# [What is expected]
With any pictures left out, restate word for word the lines in the listing below from the one holding "韩国污漫画 小褲褲筆記 第6话 - 阿姨也只是个普通女人 31" through the last.

** Available data follows **

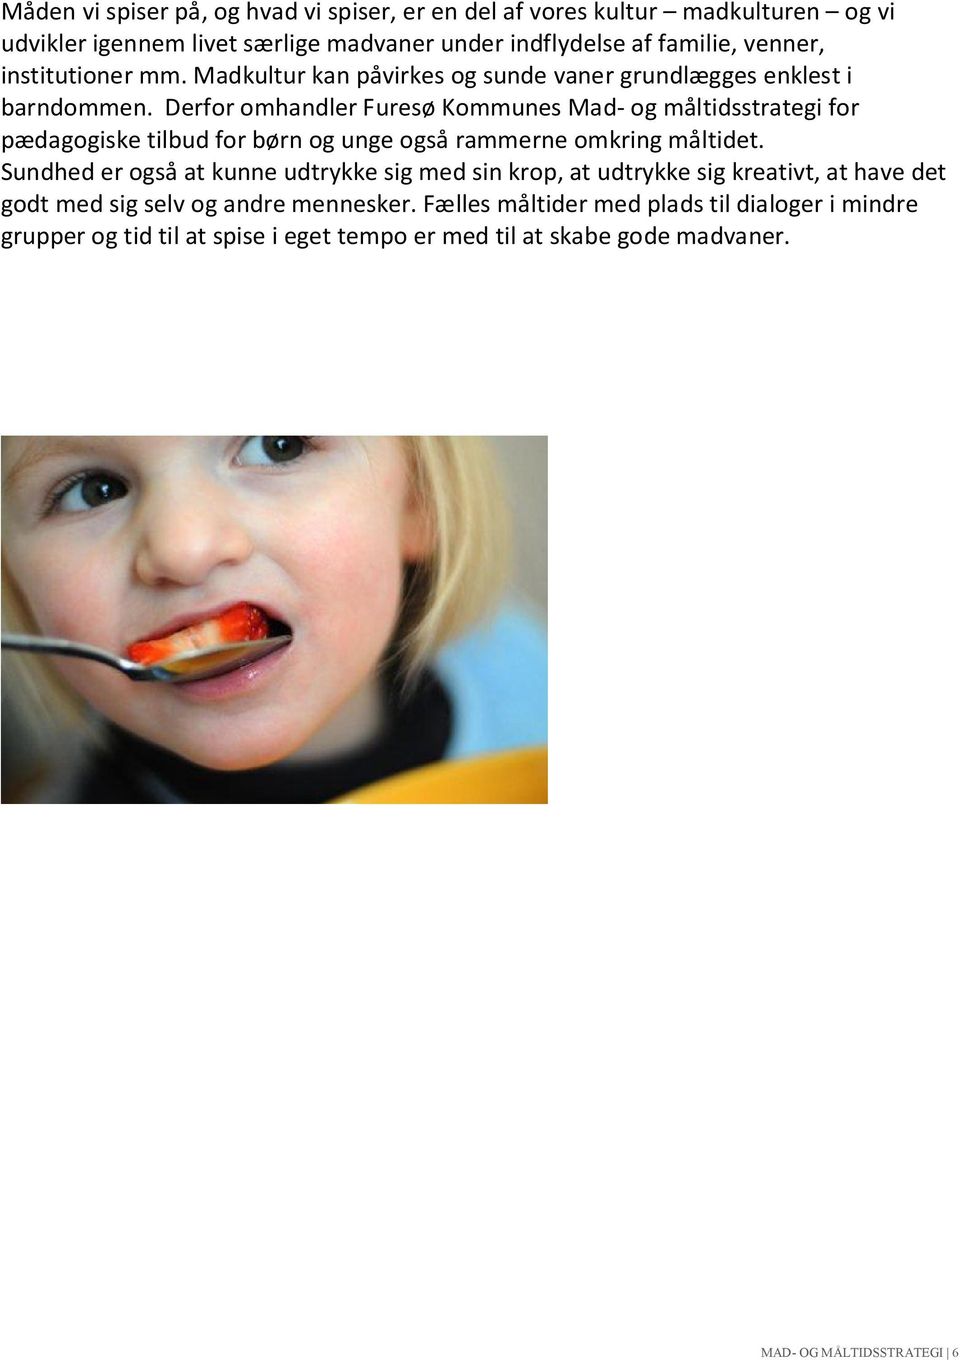 Derfor omhandler Furesø Kommunes Mad- og måltidsstrategi for pædagogiske tilbud for børn og unge også rammerne omkring måltidet.
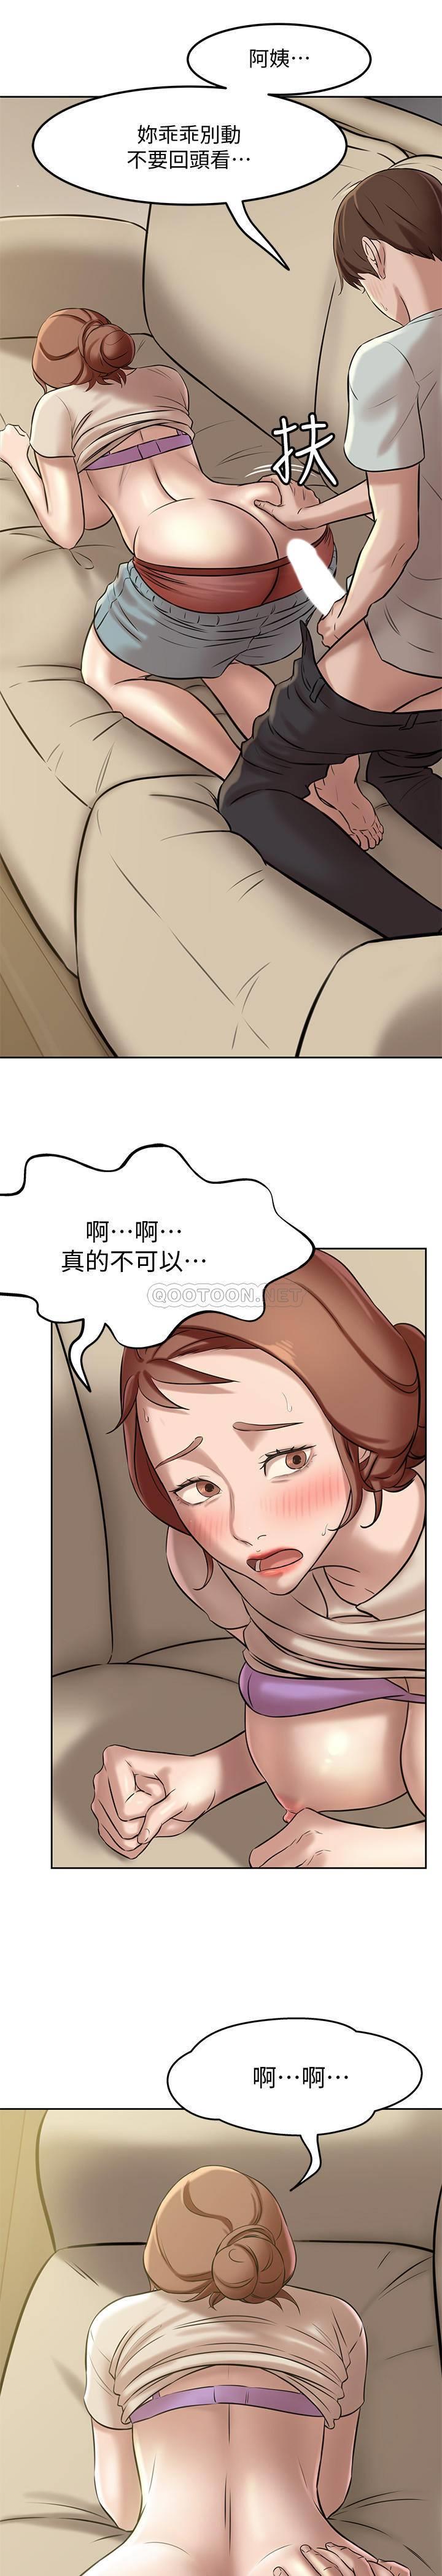 韩国污漫画 小褲褲筆記 第6话 - 阿姨也只是个普通女人 31
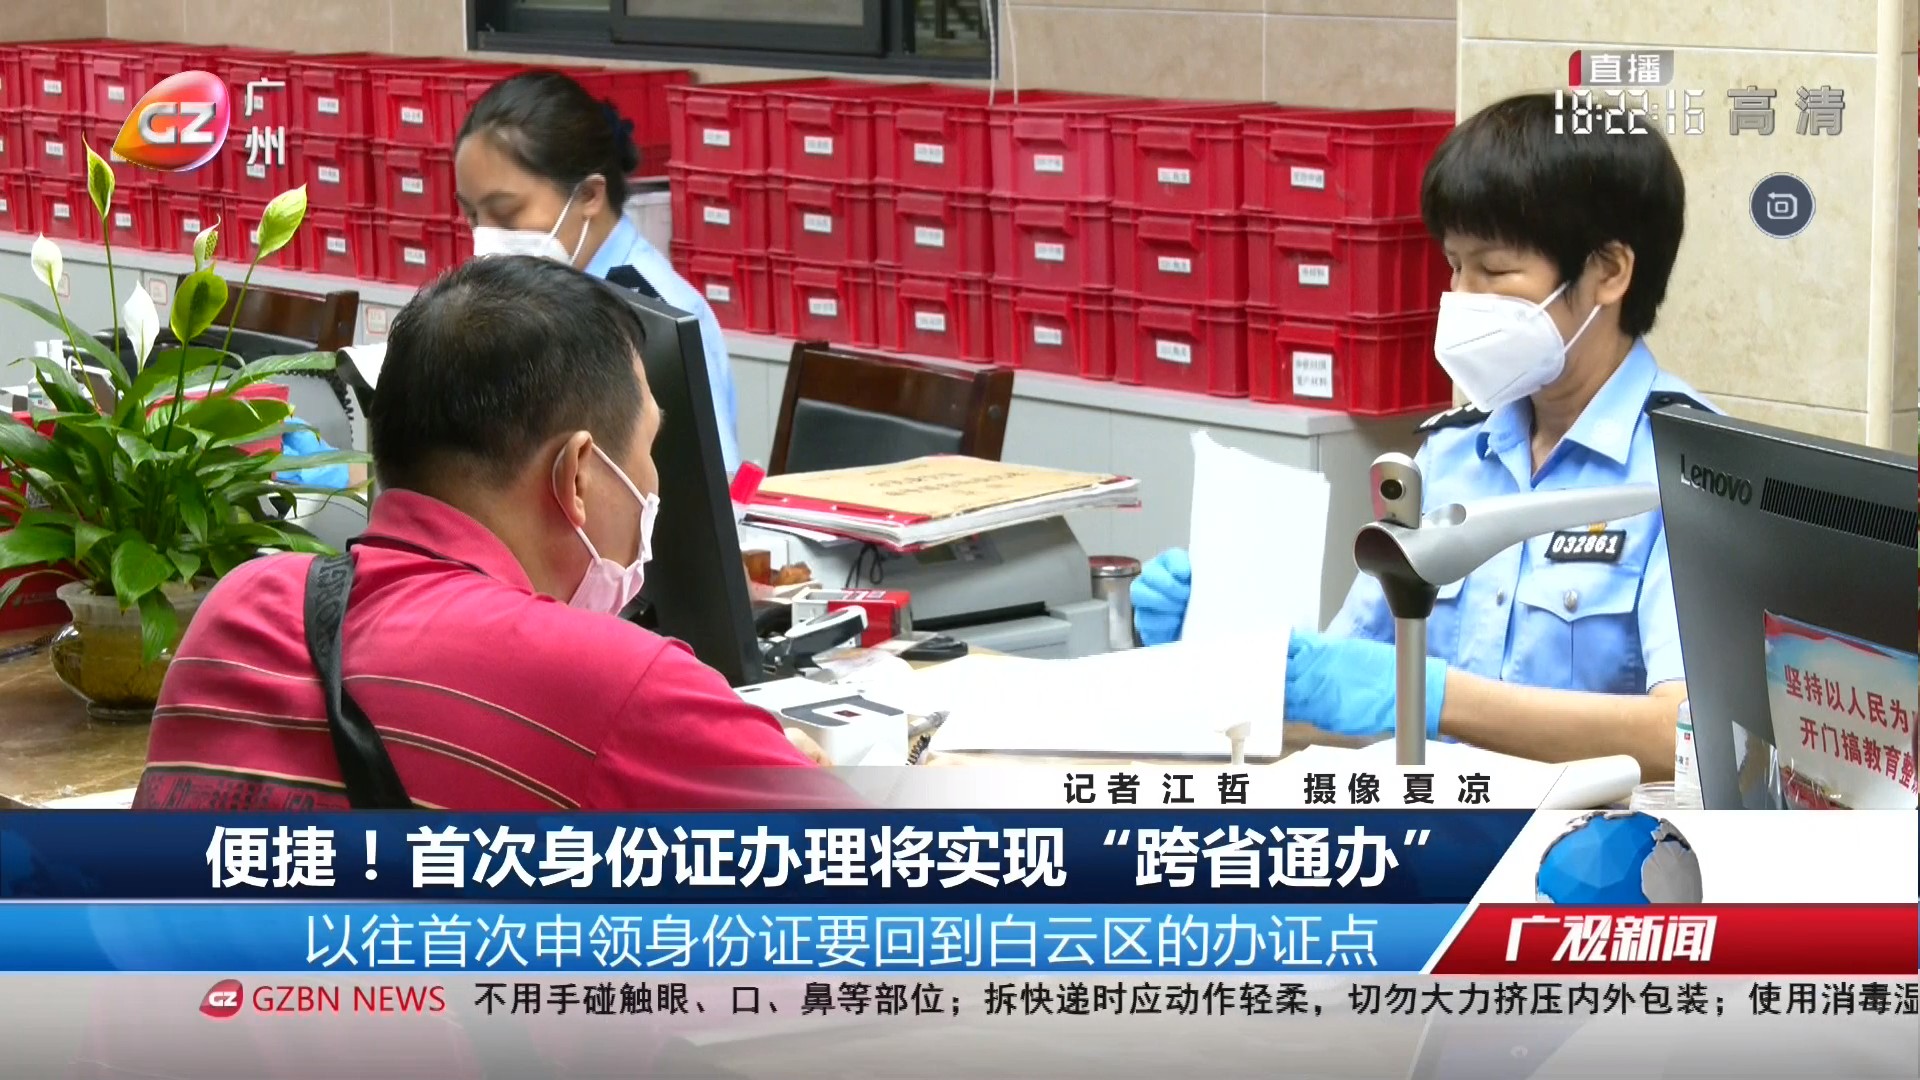 广州台综合频道 广视新闻 便捷！首次身份证办理将实现“跨省通办”
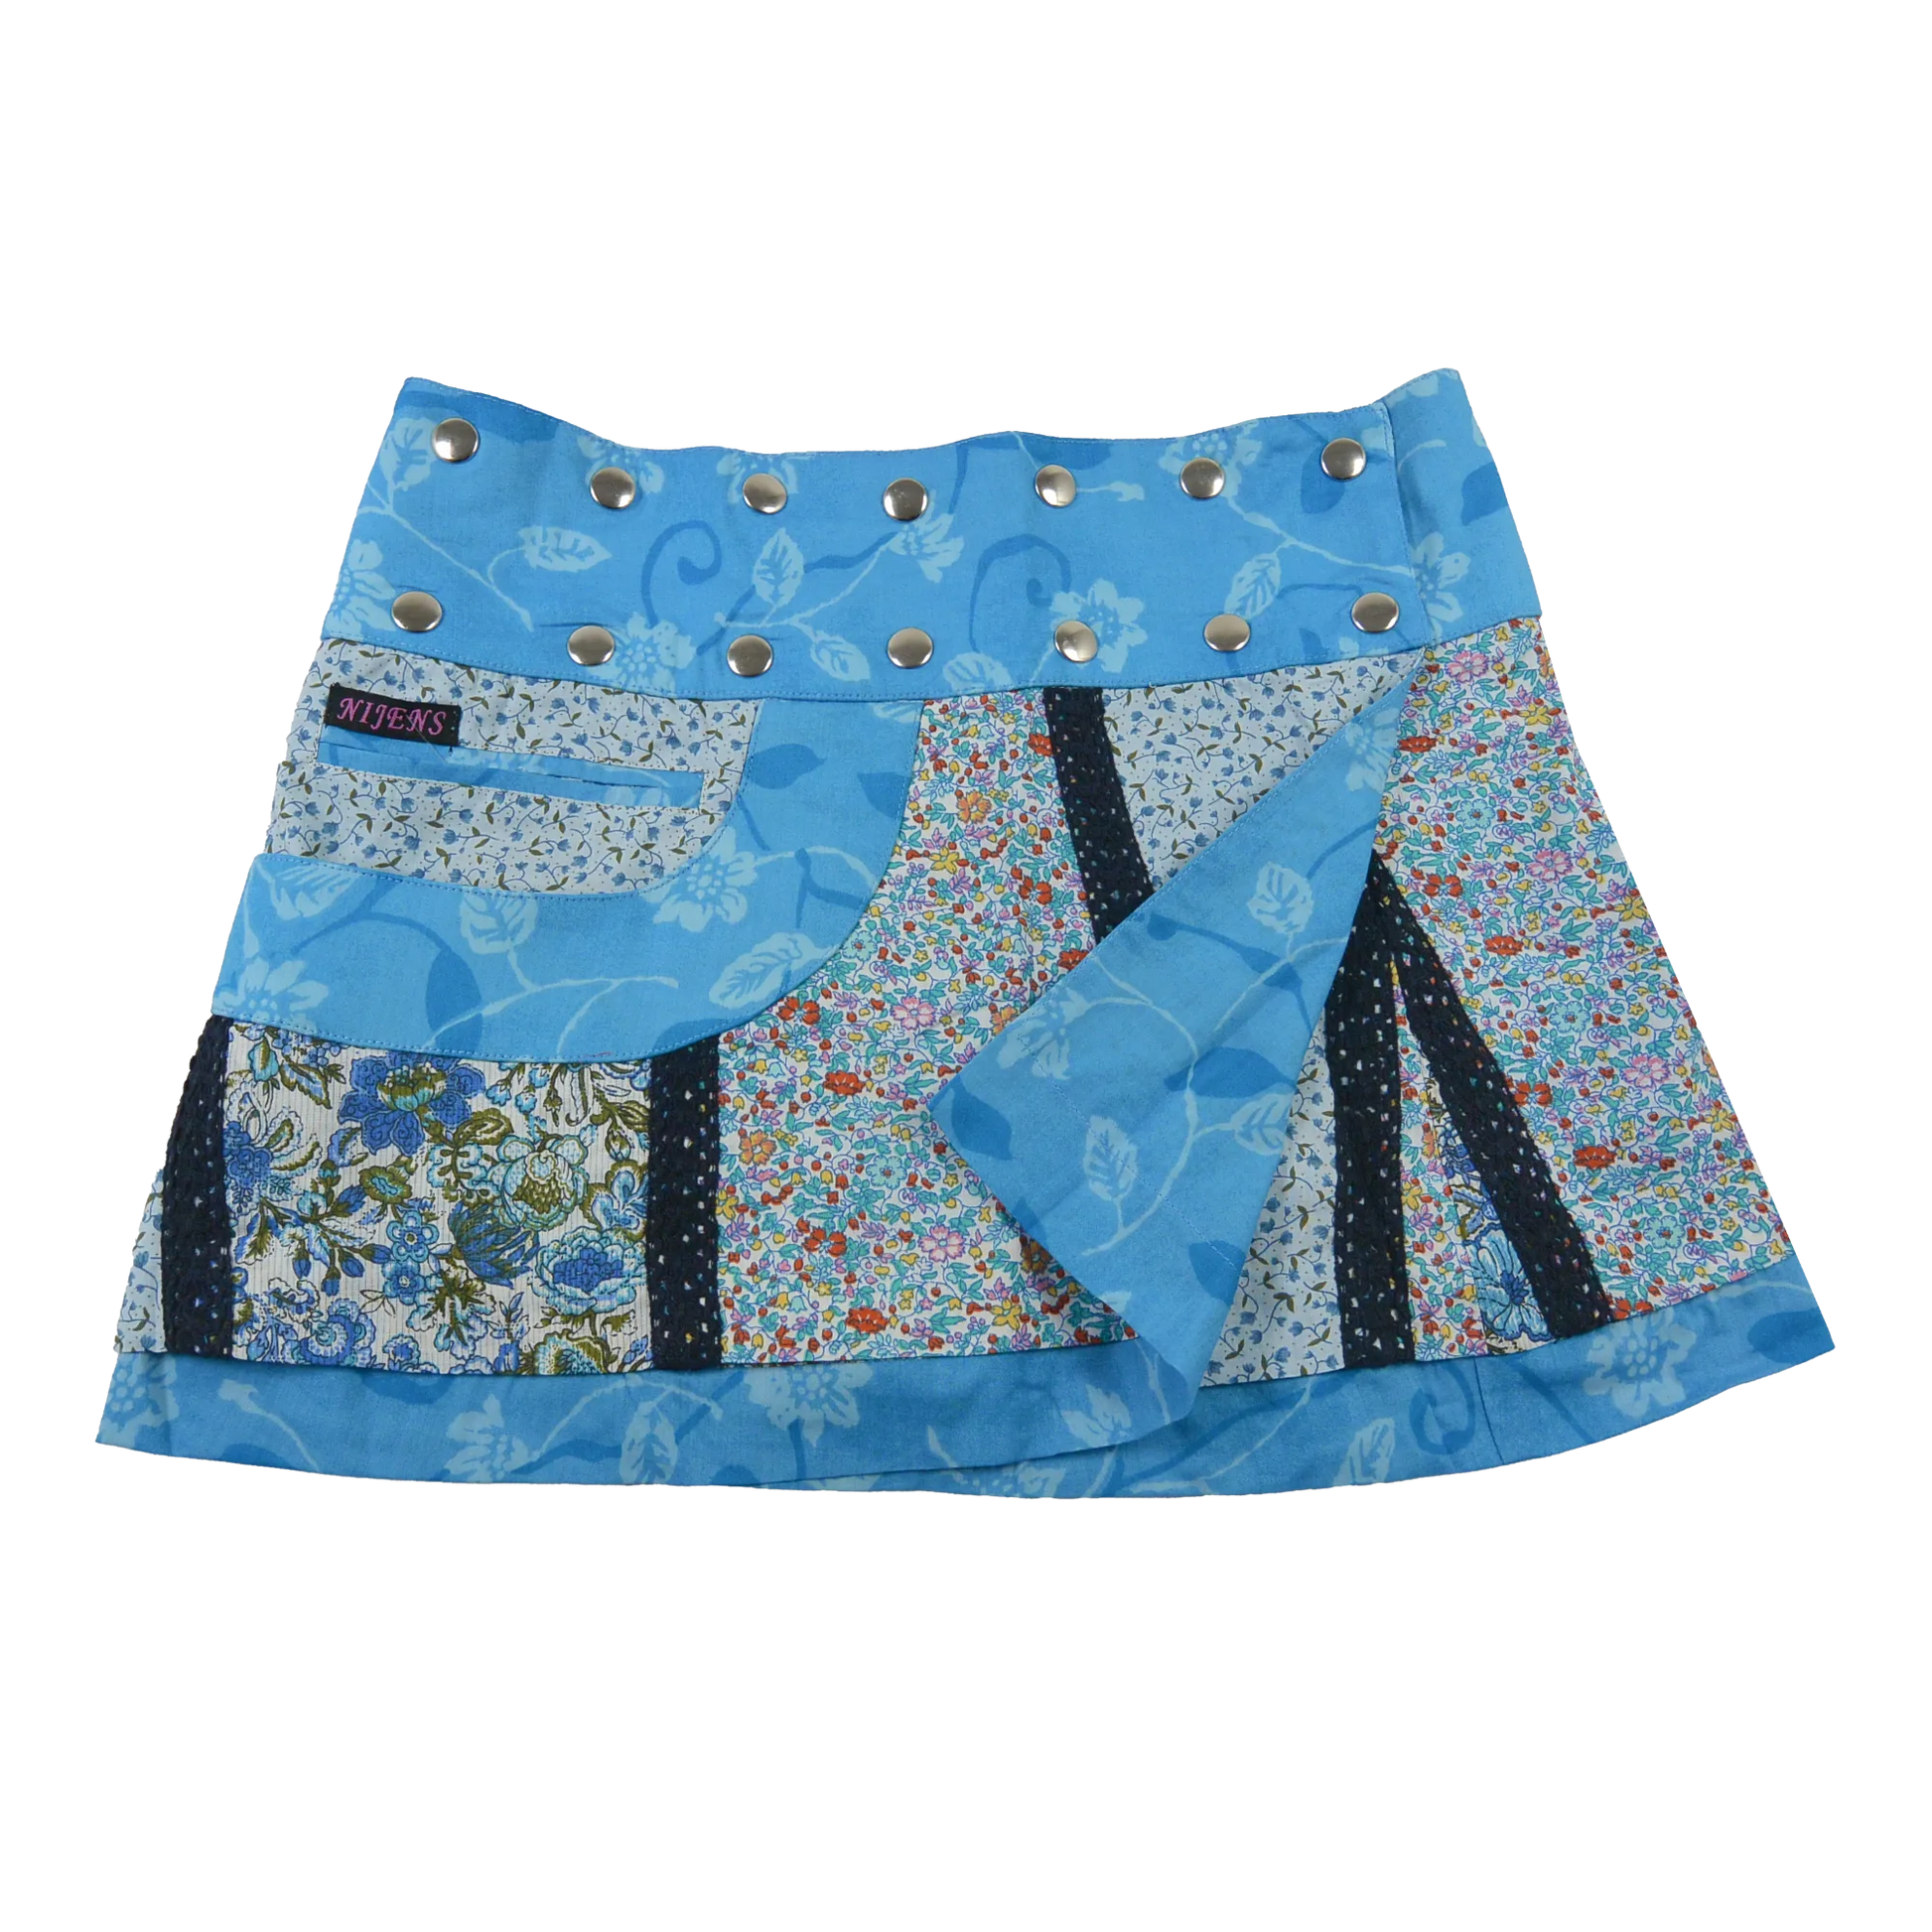 Sommerrock aus Baumwolle in Blau/Blumen, bunt im Mustermix. Umfang ist verstellbar mit doppelter Druckknopfleiste mit Seitentasche.

** End of Available data **

# [Written solution]
 韩国污漫画 小褲褲筆記 第6话 - 阿姨也只是个普通女人 31
 广州台综合频道 广视新闻 便捷！首次身份证办理将实现“跨省通办”
 Sommerrock aus Baumwolle in Blau/Blumen, bunt im Mustermix. Umfang ist verstellbar mit doppelter Druckknopfleiste mit Seitentasche.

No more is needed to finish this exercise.